Eventually, we expect the staff from the Divisions of Corporation Finance and Enforcement will focus on the financial reporting and disclosures of public companies to look for instances of accounting or disclosure misconduct related to COVID-19. For example, consistent with its prior enforcement focus, the Commission staff will likely attempt to determine whether a company has failed to appropriately impair assets held on the company’s balance sheet, has misleadingly implied that write-downs or other adjustments are the result of COVID-19 instead of other reasons or has tried to use COVID-19 as an excuse to take a “big bath” to clean up its financial reporting. The staff may also assess whether a company failed to appropriately disclose drivers and known trends or uncertainties associated with COVID-19 in management’s discussion and analysis, risk factors or other portions of a company’s periodic report. Commission staff scrutiny may be most likely in instances where an accounting judgment has a significant or unanticipated effect on the company’s financial reporting, results in press coverage or is the subject of a submission to the Commission’s whistleblower program.1
The risk of SEC scrutiny does not necessarily mean there will be second-guessing or judging by hindsight. As the Chief Accountant recently reiterated, the Office of the Chief Accountant “has consistently not objected to well-reasoned judgments that entities have made, and we will continue to apply this perspective.” Because the Commission staff generally will show deference to well-reasoned judgments, public companies should confirm that their internal controls over financial reporting are reasonably designed and are functioning in a manner to produce that type of judgment. Likewise, an investigation by the SEC staff will likely include a review of internal communications, work papers and other documentation created in the course of preparing the periodic reports. Sometimes these documents will indicate that there were differences of opinion during internal deliberations, and the staff may closely examine accounting or disclosure judgments that were the subject to internal disagreement. Companies therefore should assess whether they are appropriately and thoroughly documenting contemporaneously the rationale for their accounting and disclosure judgments in a way that will enable the company to establish that those judgments were reasonable and based on the best available information at the time they were made. If companies attribute write-downs, adjustments or other occurrences to COVID-19, they should also maintain sufficient documentation to establish how COVID-19 was relevant.

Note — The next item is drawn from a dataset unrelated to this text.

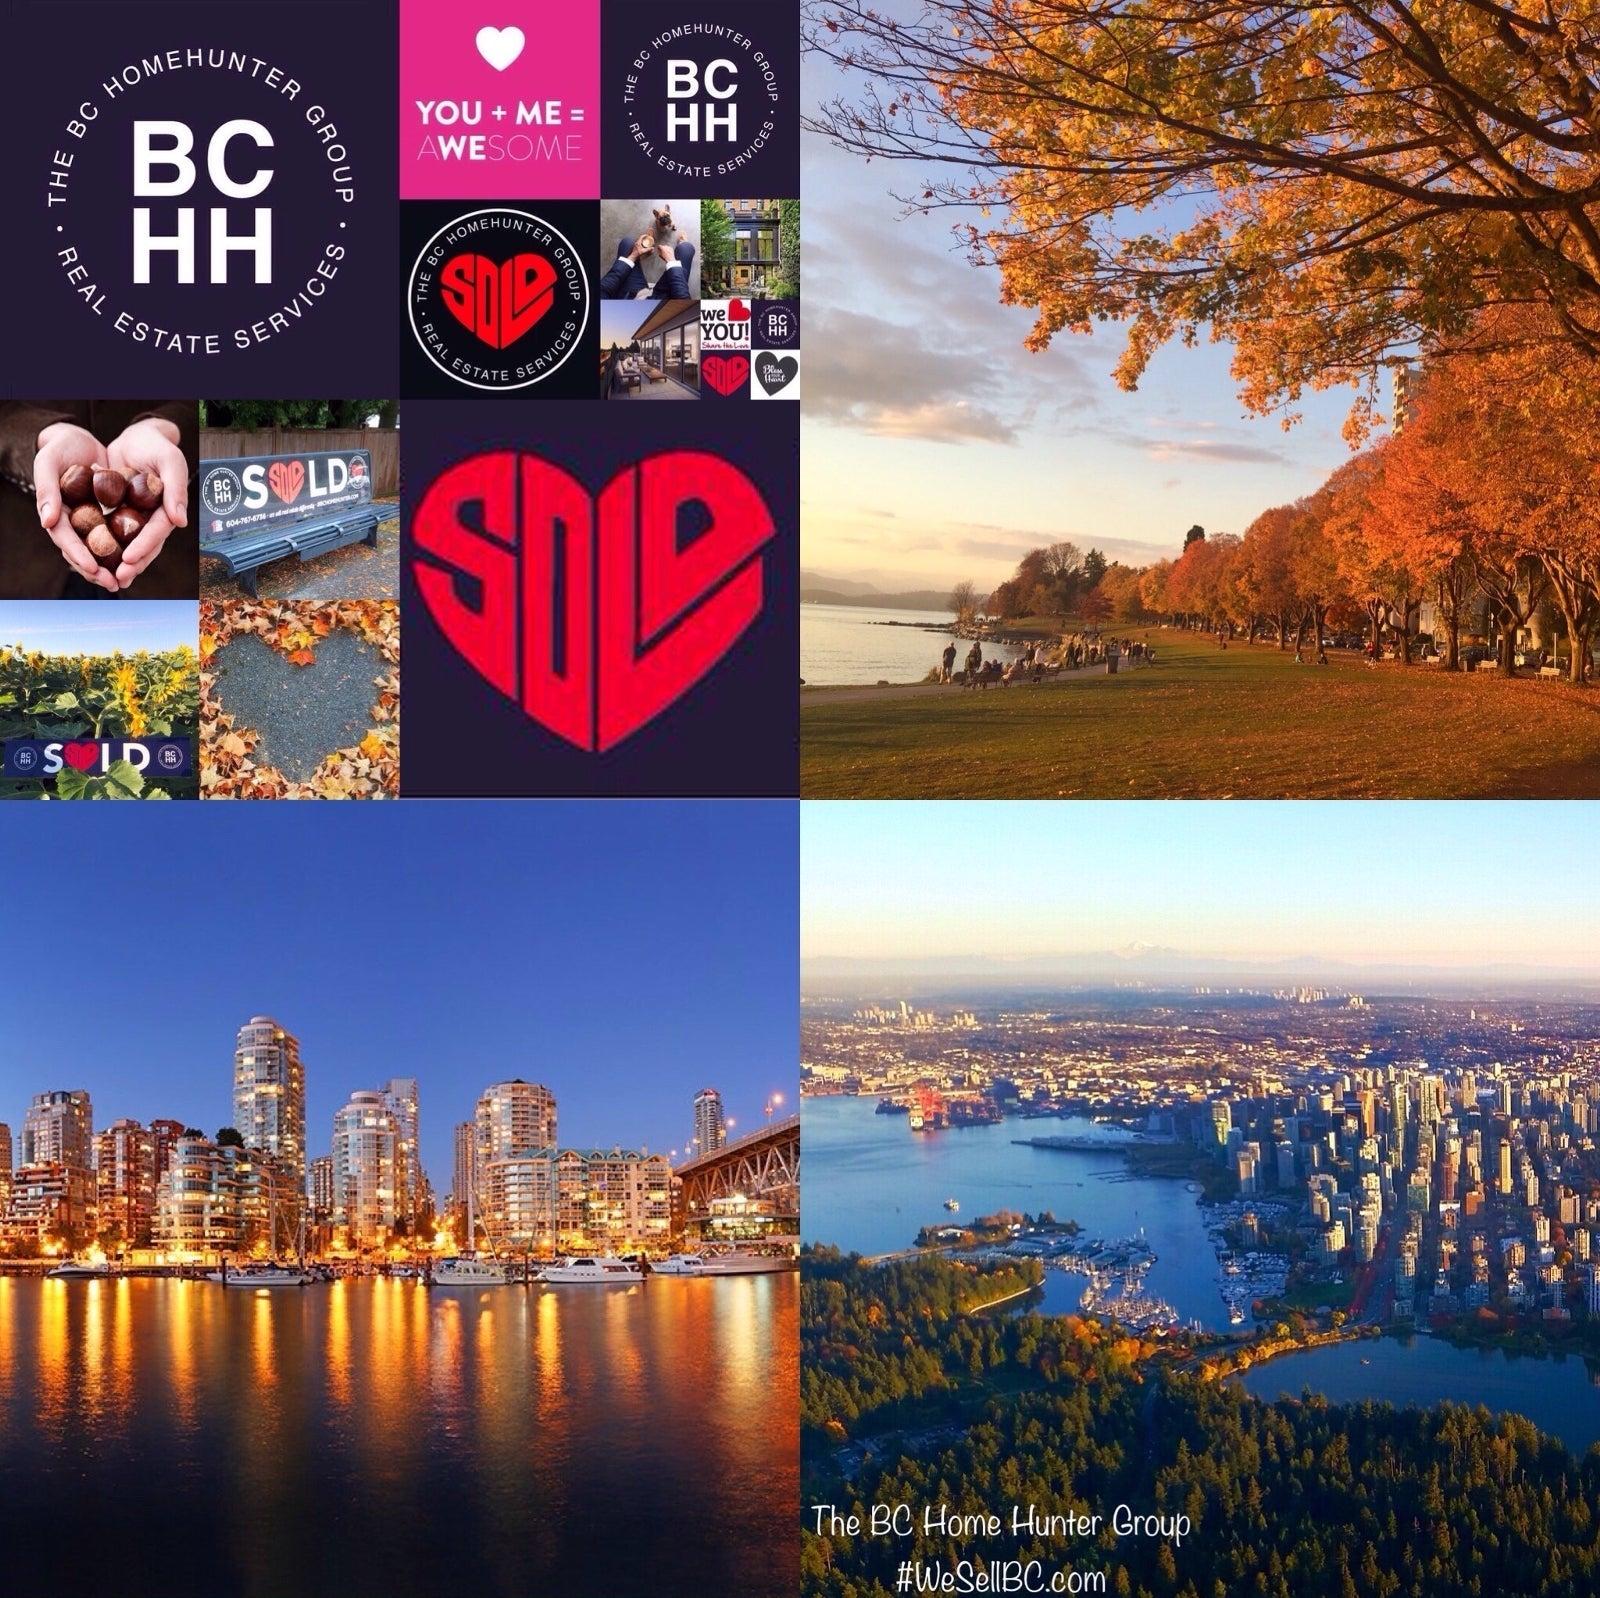 THE BC HOME HUNTER GROUP l AWARD WINNING URBAN & SUBURBAN METRO VANCOUVER l FRASER VALLEY l BC REAL ESTATE EXPERTS 604-767-6736 #BCHOMEHUNTER.COM #BCHH BCHHREALTY.COM #WESELLBC.COM #WELOVEBC.COM #Vancouver #WhiteRock #WestVancouver   #NorthVancouver #Langley #FraserValley #Burnaby #CoalHarbour #Kerrisdale #Kitsilano #PointGrey #Marpole #Dunbar #Oakridge #Coquitlam #EastVan #Yaletown #FraserValleyHomeHunter #VancouverHomeHunter #LynnValley #Lonsdale #VancouverHomeHunter #FraserValleyHomeHunter  @BCHOMEHUNTER  THE BC HOME HUNTER GROUP  AWARD WINNING URBAN & SUBURBAN REAL ESTATE TEAM WITH HEART 604-767-6736  METRO VANCOUVER I FRASER VALLEY I BC  #Vancouver #WhiteRock #SouthSurrey #Starbucks #WestVancouver #Langley #MapleRidge #NorthVancouver #Langley #FraserValley #Burnaby #FortLangley #PittMeadows #Delta #Richmond #CoalHarbour #Surrey #Abbotsford #FraserValley #Kerrisdale #Cloverdale #Coquitlam #EastVan #Richmond #PortMoody #Yaletown #CrescentBeach #BCHHREALTY #MorganCreek #PortMoody #Burnaby #WeLoveBC #OceanPark #FraserValleyHomeHunter #VancouverHomeHunter#surreyhomehunter #southsurreyhomehunter #morganheightshomehunter #abbotsfordhomehunter #squamishhomehunter #whistlerhomehunter #portcoquitlamhomehunter #yaletownhomehunter #eastvancouverhomehunter #chilliwackhomehunter #okanaganhomehunter #islandhomehunter #canadianhomehunter #canadahomehunter #fixeruppercanada #fixeruppervancouver #604life #welovebc #wesellbc #urbansuburbanhomehunter #urbanhomehunter #suburbanhomehunter #sunshinecoasthomehunter #townhomehunter #condohomehunter #waterfronthomehunter #resorthomehunter #fraservalleysold #whiterocksold #langleysold #northvansold #westvansold #vancouverhomelove #okanagansold #bcrealtorsold #bchomelove #bchhrealty #vancouverhomelove #oceanparkhomehunter #grandviewhomehunter #crescentbeachhomehunter #bchomehunter

Public companies should remain mindful that although the current environment is in many ways unprecedented, the Commission staff may still question accounting judgments made during this time and could, in appropriate circumstances, consider bringing enforcement actions.
1 An issuer that believes an employee has contacted the Commission regarding purported misconduct should carefully assess how to proceed in light of the statutory and regulatory protections afforded to such individuals.